The 2.5 gasoline at ₩41.85M opens the door for buyers who want the Pleos/Gleo tech ecosystem without the hybrid premium — a smart entry point for a tech-forward buyer who isn't primarily motivated by fuel economy.
Since 1986, the Grandeur has gone through seven generations and outlasted virtually every Korean sedan nameplate of its era. At its 2022 7th-gen debut, it re-entered the mainstream with a design so divisive it became iconic. This facelift doesn't chase that controversy — it refines it. The addition of Pleos and Gleo means the hardware evolution is matched, for the first time, by a software architecture worthy of the Grandeur name.

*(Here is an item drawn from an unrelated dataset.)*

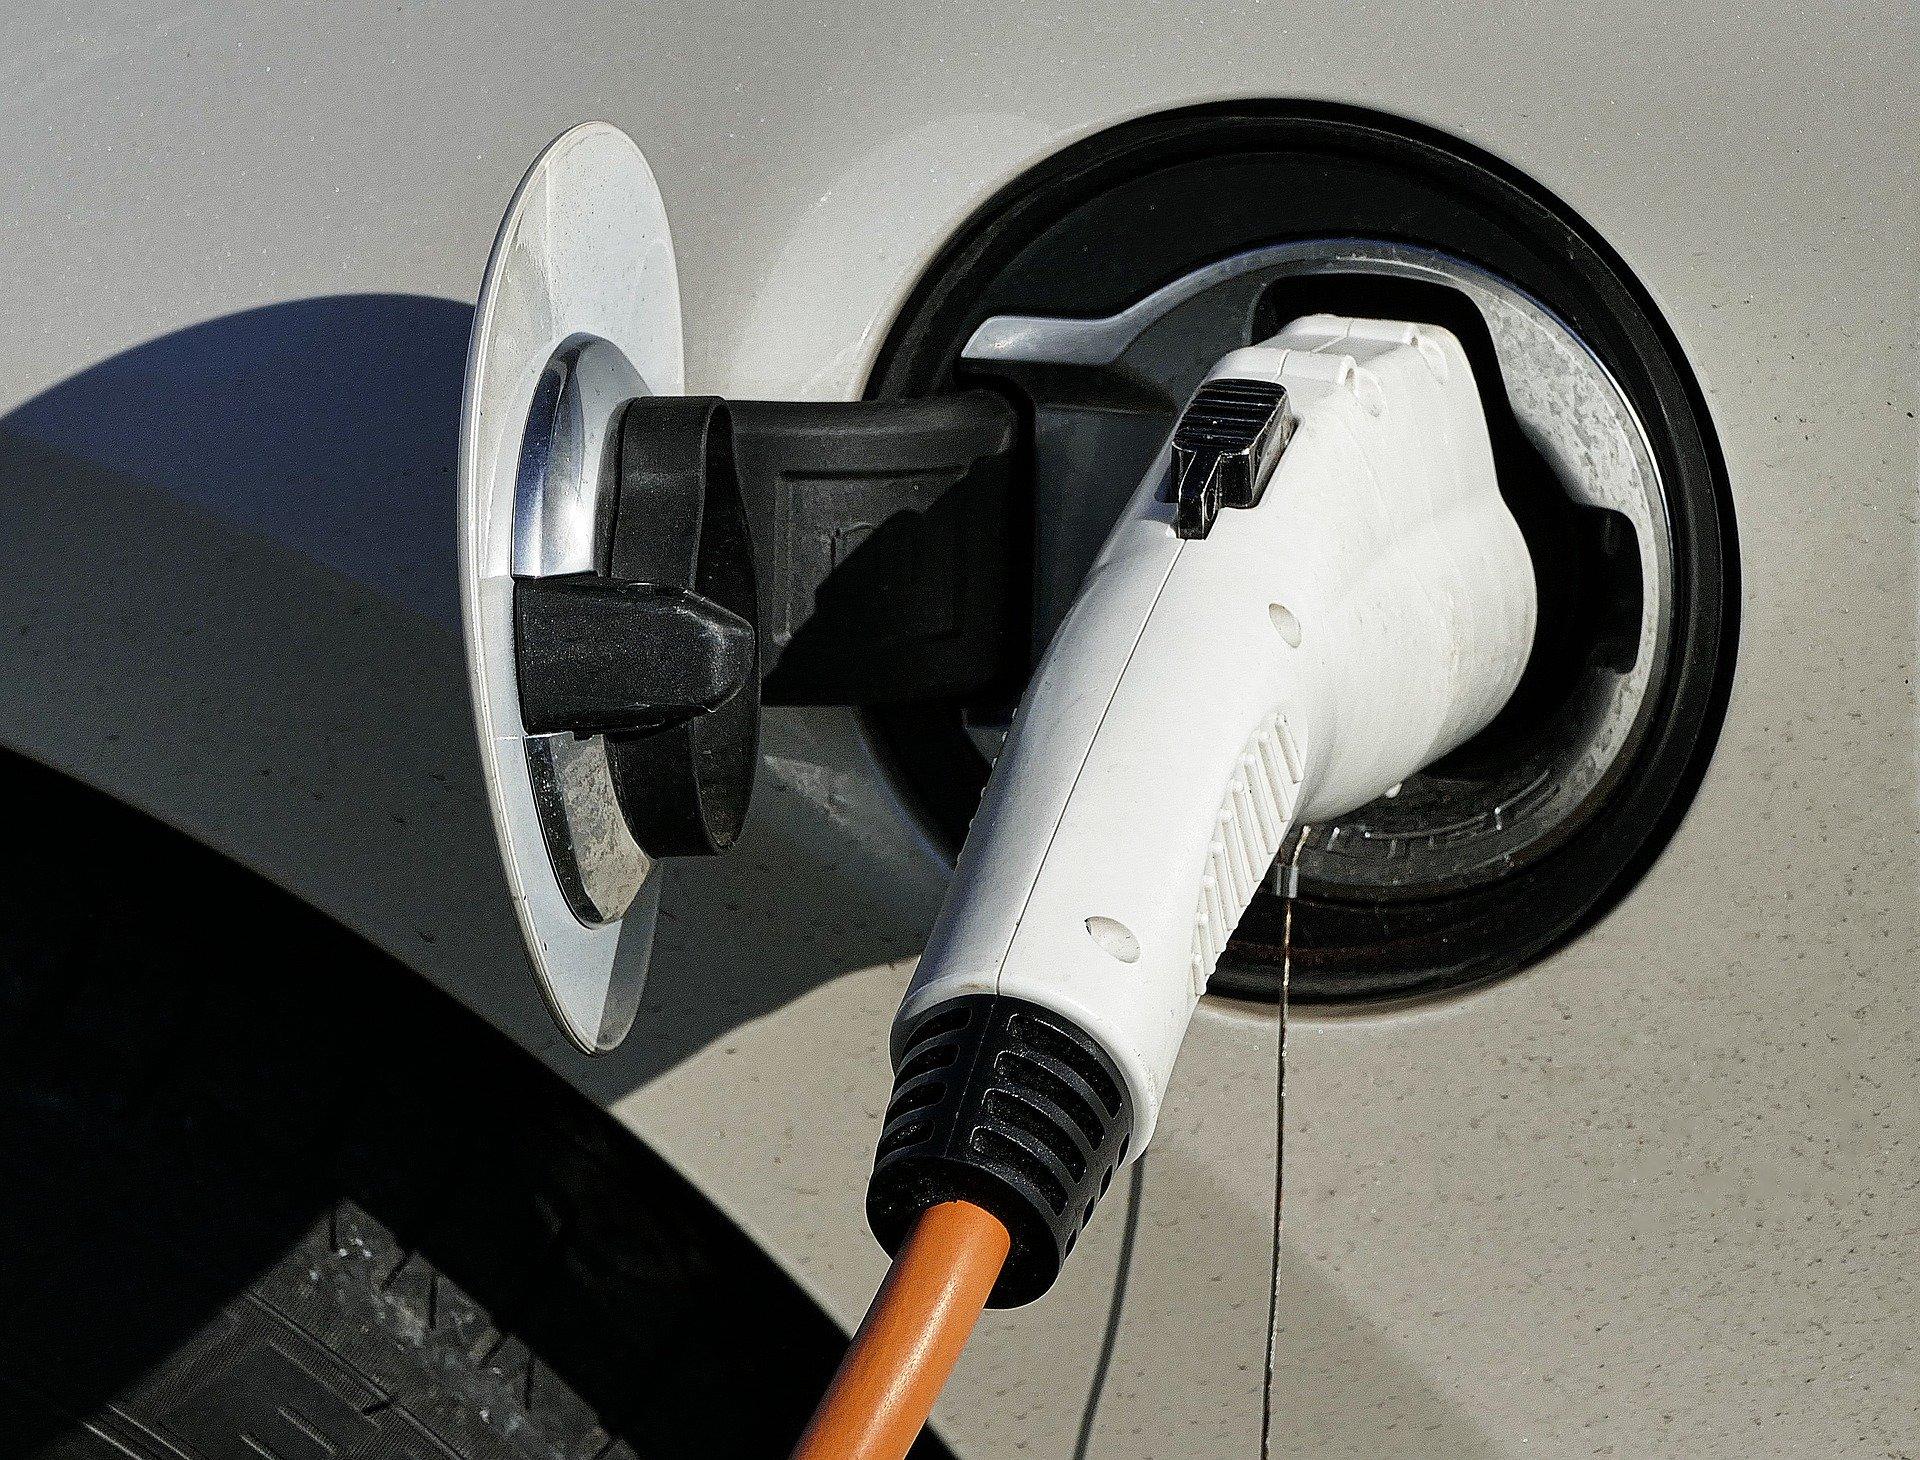 Neuzulassungen auf EU-Automarkt halbiert – Elektroautos boomen

The Bigger Picture: SDV as Brand Strategy
Hyundai's official framing of The New Grandeur as a model that "embodies the values of the SDV and electrification era" isn't marketing language — it's a product roadmap signal. The Grandeur is the first domino. Pleos Connect and Gleo AI will follow down the lineup: the next-gen Tucson NX5, which we've already documented in spy shot form, is confirmed to carry both platforms. The Sonata, the Santa Fe, the EV lineup — the cascade is coming.

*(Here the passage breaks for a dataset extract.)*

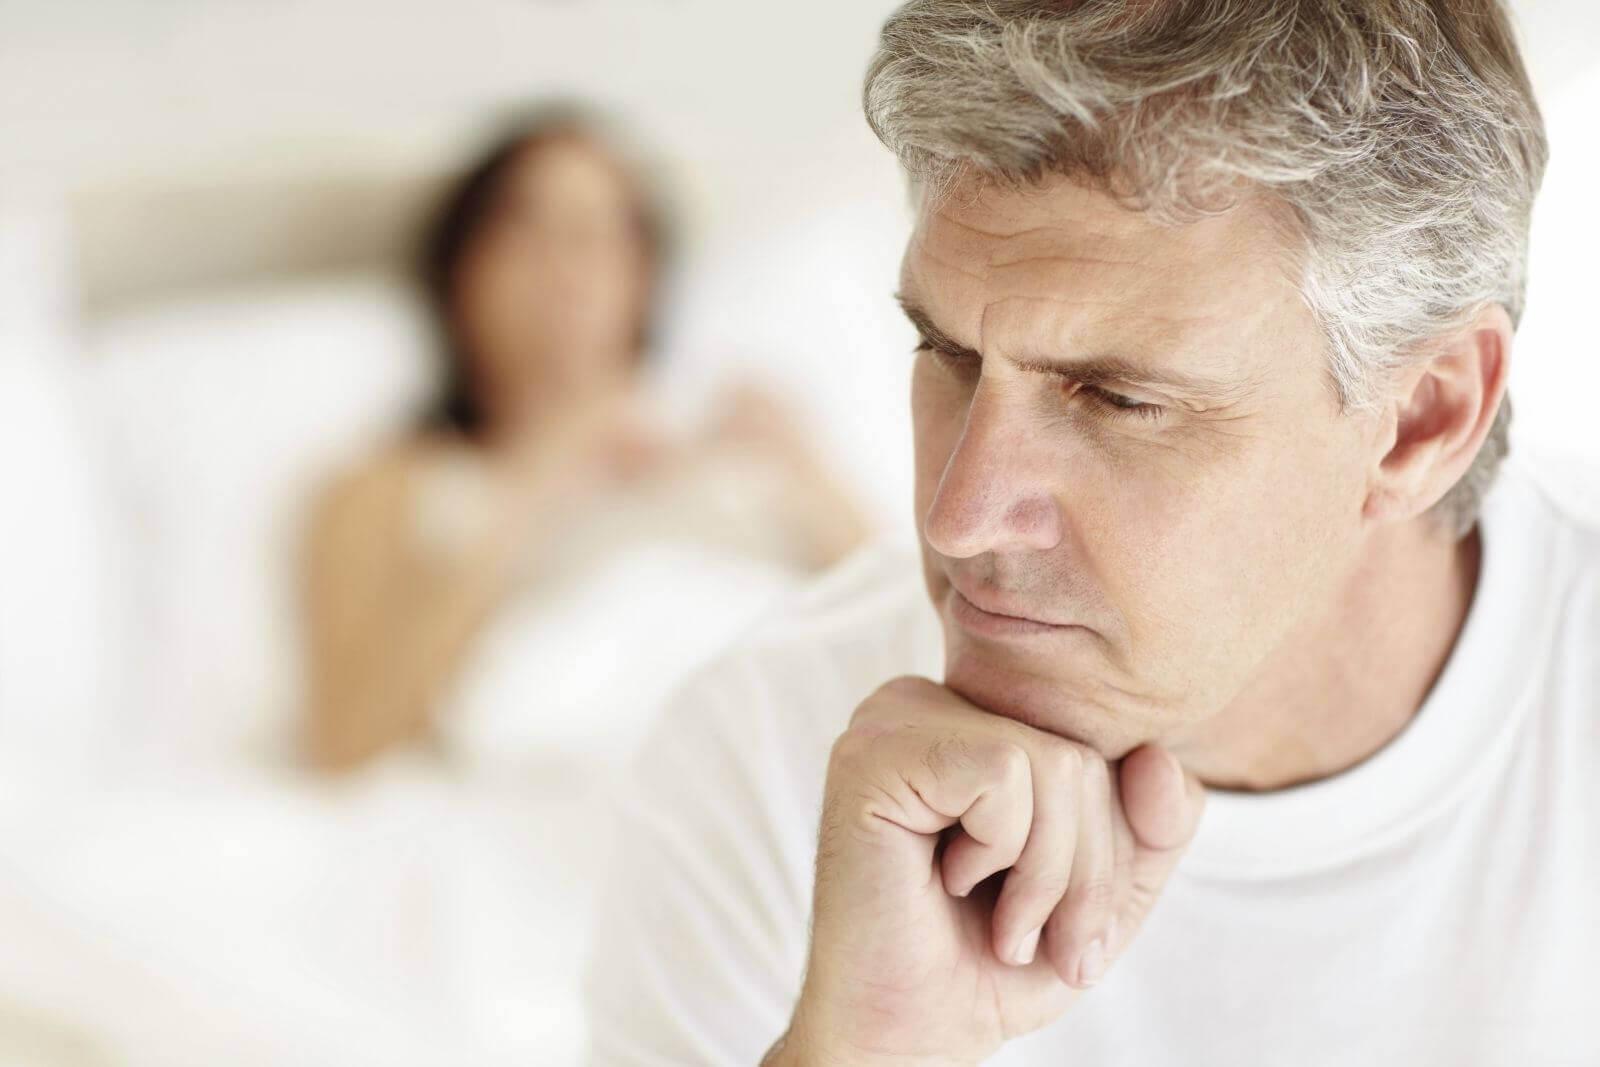 Опухоль предстательной железы: лечение, симптомы, прогноз

What Hyundai is doing with the Grandeur is what premium automakers do when they have genuine tech to deploy: they launch it on the most credible platform available to establish perception, then scale it across the portfolio. Apple didn't put Face ID in the iPhone SE first. Hyundai isn't putting AAOS in the Venue first. The Grandeur earns that introduction the right way — through 40 years of flagship authority.
"Pleos and Gleo didn't debut on the Grandeur by accident. Hyundai needed the most credible stage possible. This was always the plan."
— NYMAMMOTH STRATEGIC ANALYSISThe risk, as always with software-defined vehicles, is execution. AAOS integrations have been rocky at launch for other brands — update cycles that break features, voice recognition that struggles with regional language nuances, UI latency that undermines the premium feel. Hyundai's partnership with 42dot — which has deep software engineering resources — is reassuring. But the Grandeur buyer won't forgive a stuttering AI assistant or a 17-inch screen that needs a reboot. The stakes for flawless execution are proportionally high to the badge.
That's the only real question mark heading into real-world deployment. The hardware ambition is unambiguous. The design execution is solid. The pricing is calibrated. The legacy is undeniable. Now Gleo has to actually work.
We'll be watching the first owner reports closely. When Gleo talks, we'll be listening.